Although labeled “novellas” in the subtitle, these eight pieces are true short stories; each one contains only a few key characters and spans roughly twenty pages.  In the broadest sense, these stories uncover the hidden sources of humanity’s best qualities:  happiness, forgiveness, love, and generosity.  Schmitt’s tormented characters stumble upon these redemptive qualities in the unlikeliest of places, often despite their own reprehensible behavior.  In “Wanda Winnipeg,” a wealthy divorcée anonymously gives hundreds of thousands of dollars to her destitute first lover in an uncharacteristic showing of generosity and consideration.  In “A Fine Rainy Day,” a “cynical and disenchanted” widow discovers her buried optimism.  An ironical deathbed gift turns into a much-needed fortune in “The Forgery.”  All eight stories in The Most Beautiful Book in the World are tightly constructed and concise without sacrificing a deep sympathy for humanity’s dark moments and a celebration of its redeeming acts.

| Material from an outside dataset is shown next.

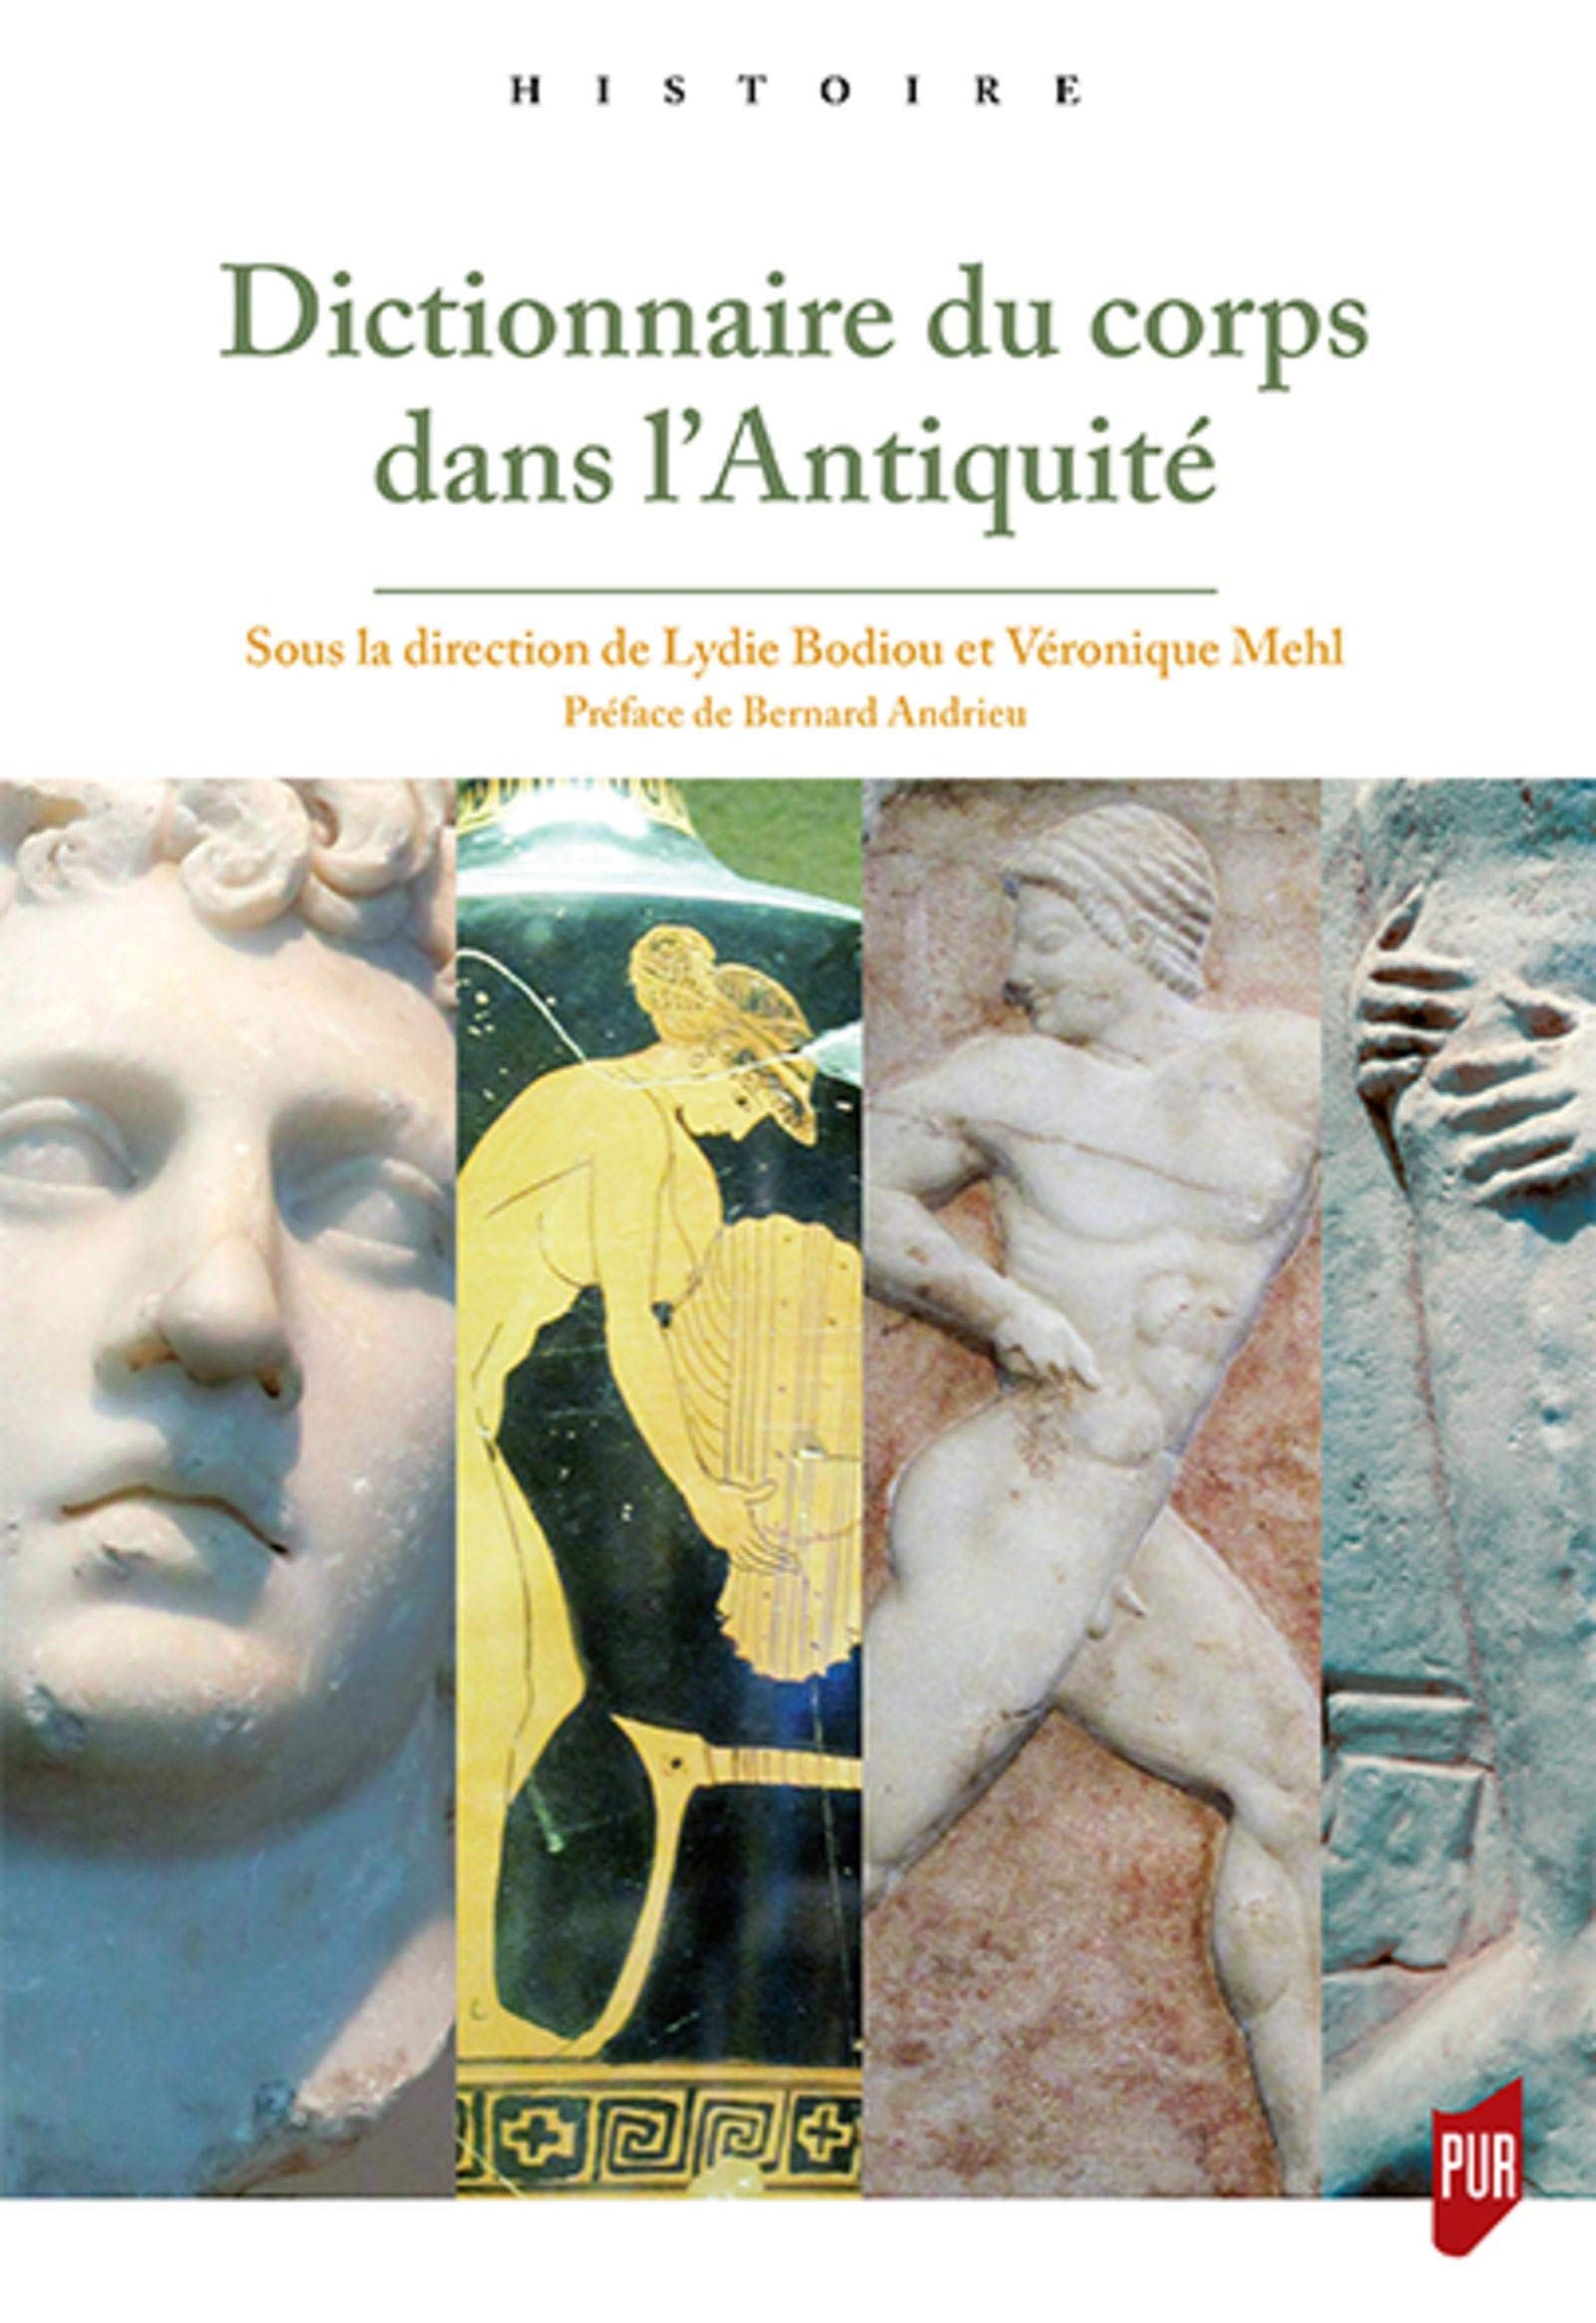 Dictionnaire du corps dans l'Antiquité, 2019, 682 p.

Schmitt’s simple and artful prose captures his characters’ most intimate and raw moments without melodrama.  In this example from “Odette Toulemonde,” Balthazar, a wildly successful novelist, recognizes the falsity of his life:

“[H]e owned an apartment in the center of Paris which left many people feeling envious, but did he really like it?  There was nothing on the walls, windows, shelves, or sofas that he himself had chosen: a decorator had done it all.  In the living room there was a grand piano that no one played, a laughable symbol of social rank; his study had been designed with magazine publication in mind, because Balthazar actually preferred to write in cafes.  He realized he was living in a décor.  Worse than that—a décor that wasn’t even of his own making.”

Schmitt relies too often on tidy endings—several stories involve conveniently-timed medical emergencies, for example—but such occasional contrivances cannot overshadow this collection’s masterful depiction of the messy but wonderful human condition.